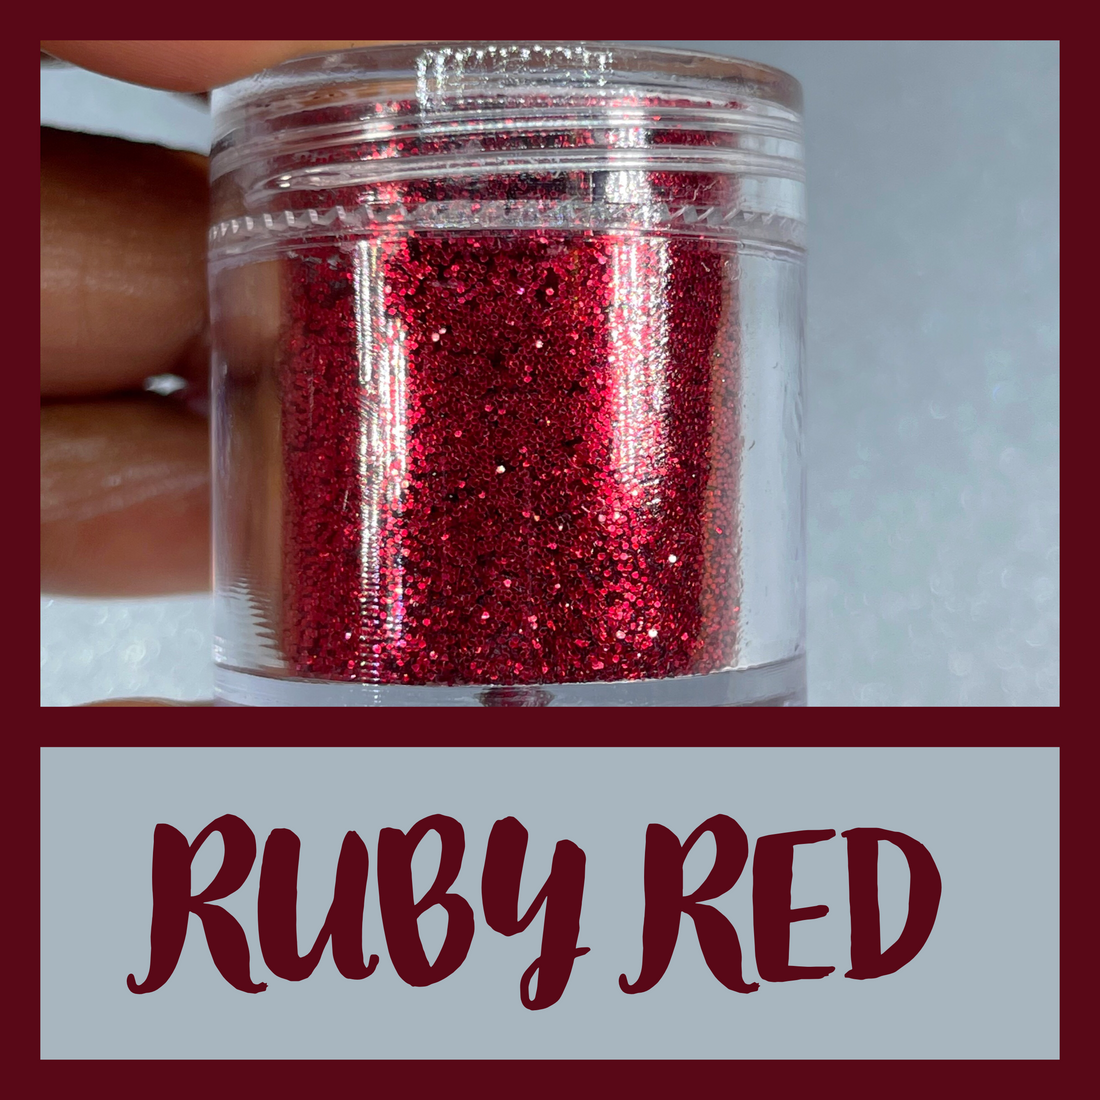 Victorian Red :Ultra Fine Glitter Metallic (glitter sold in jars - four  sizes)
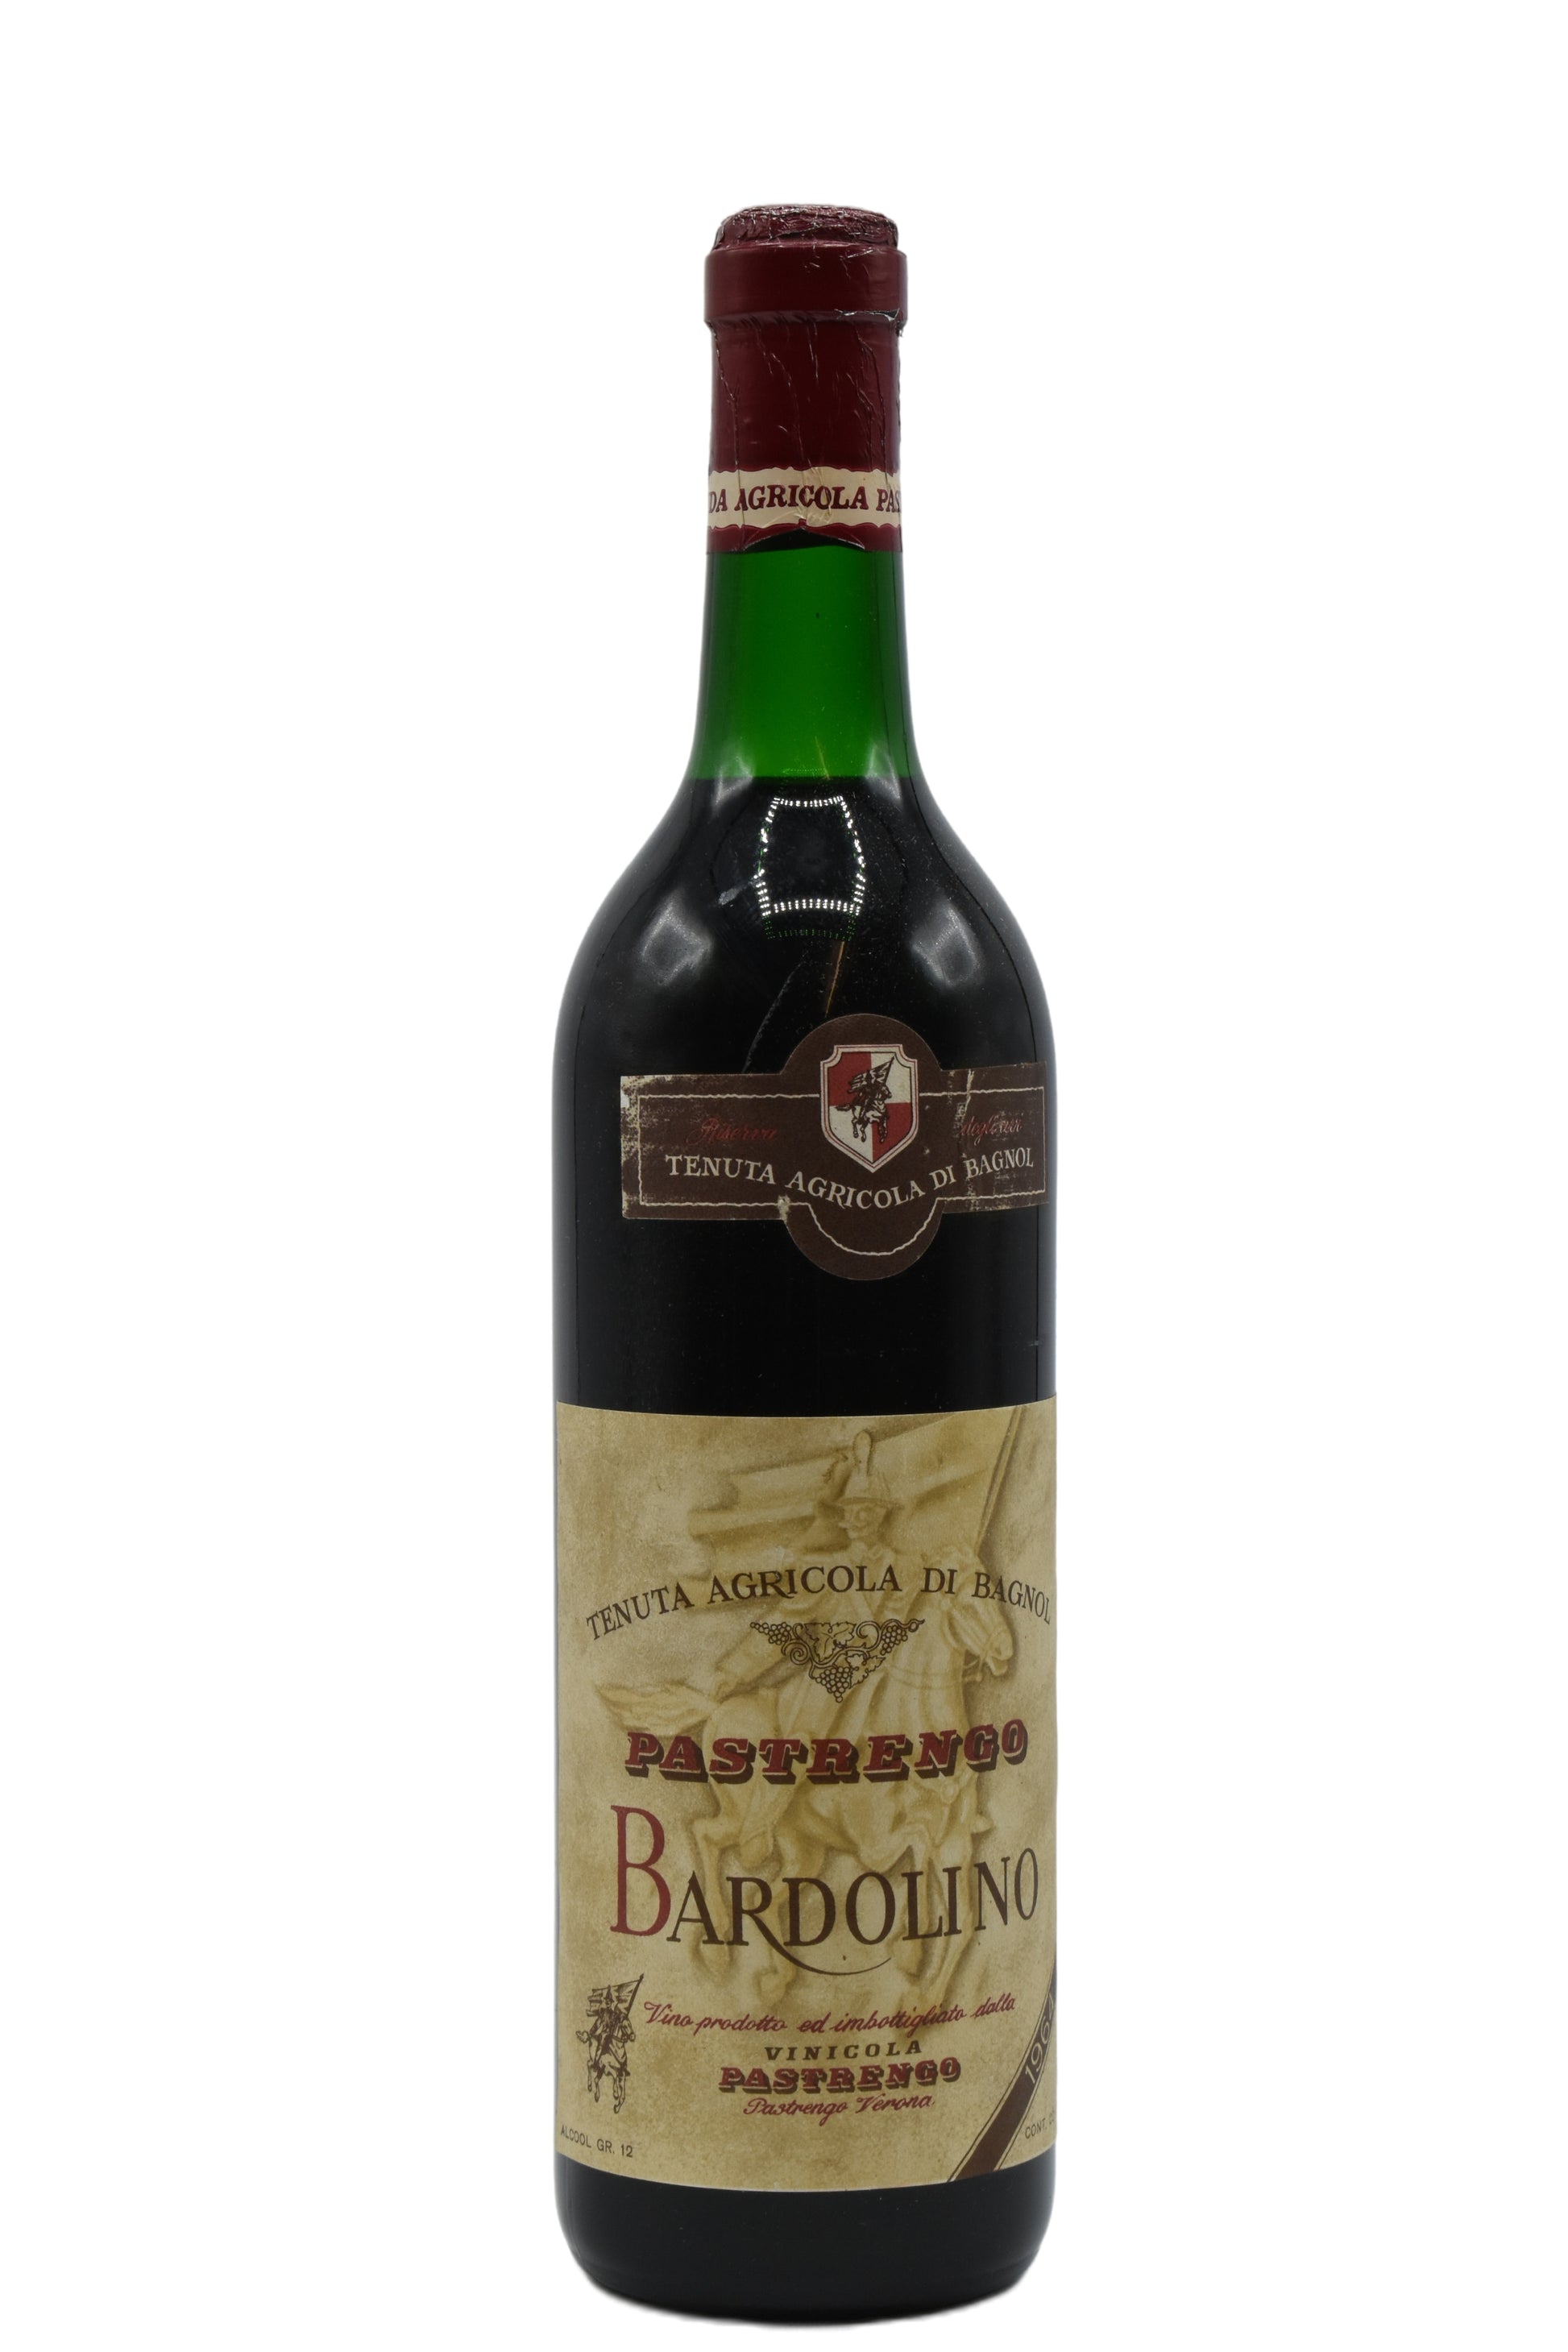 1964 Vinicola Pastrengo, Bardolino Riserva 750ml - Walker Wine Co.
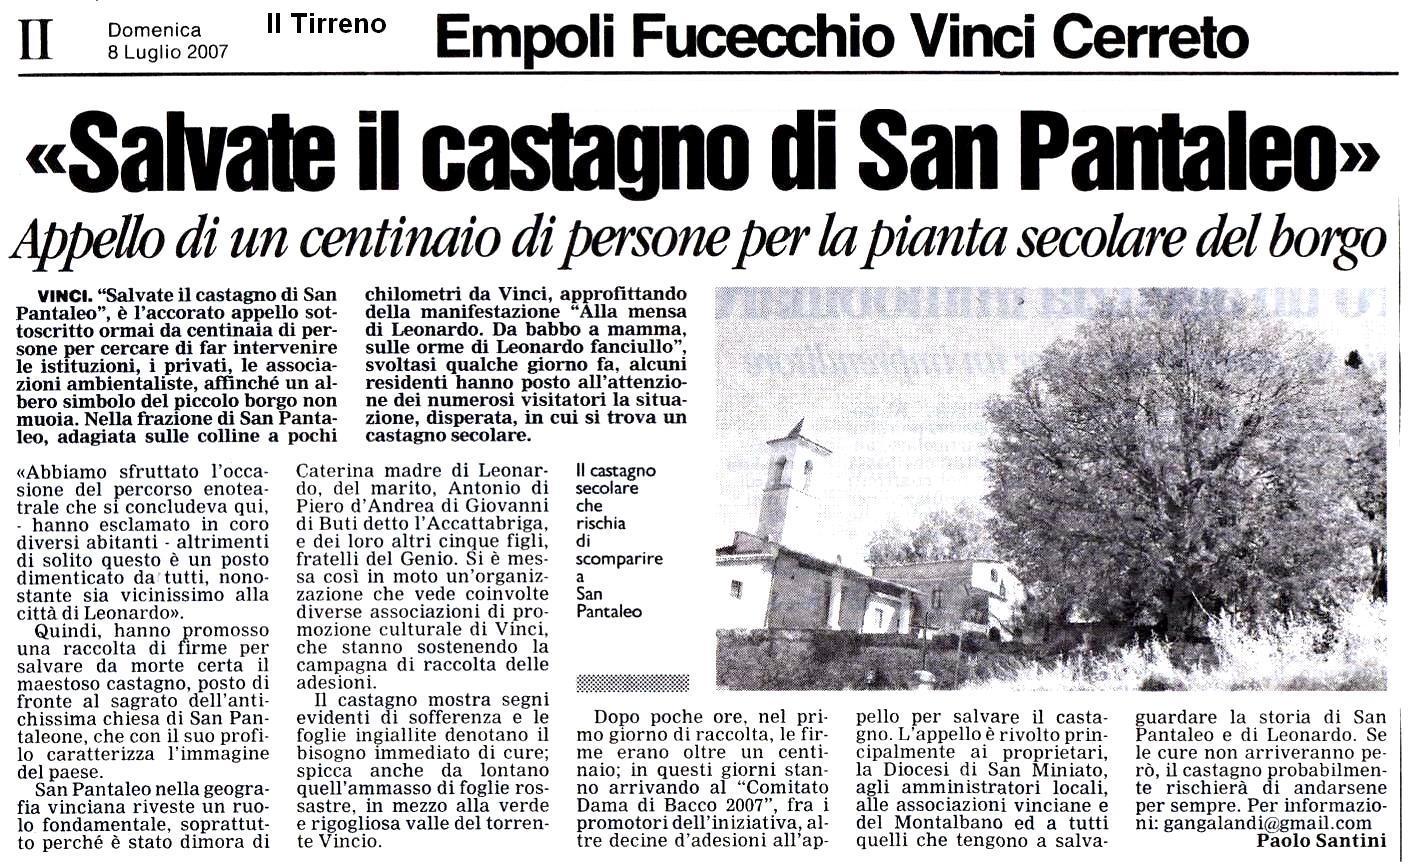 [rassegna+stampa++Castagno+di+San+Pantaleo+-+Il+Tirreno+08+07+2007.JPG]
◇ ◇ ◇ ◇ ◇
Exercise directions. Quote, please, only the lines running from the one with "1964 Vinicola Pastrengo, Bardolino" down to the final line of the data above, keeping both ends and skipping the pictures.

Answer section.
 1964 Vinicola Pastrengo, Bardolino Riserva 750ml - Walker Wine Co.
 [rassegna+stampa++Castagno+di+San+Pantaleo+-+Il+Tirreno+08+07+2007.JPG]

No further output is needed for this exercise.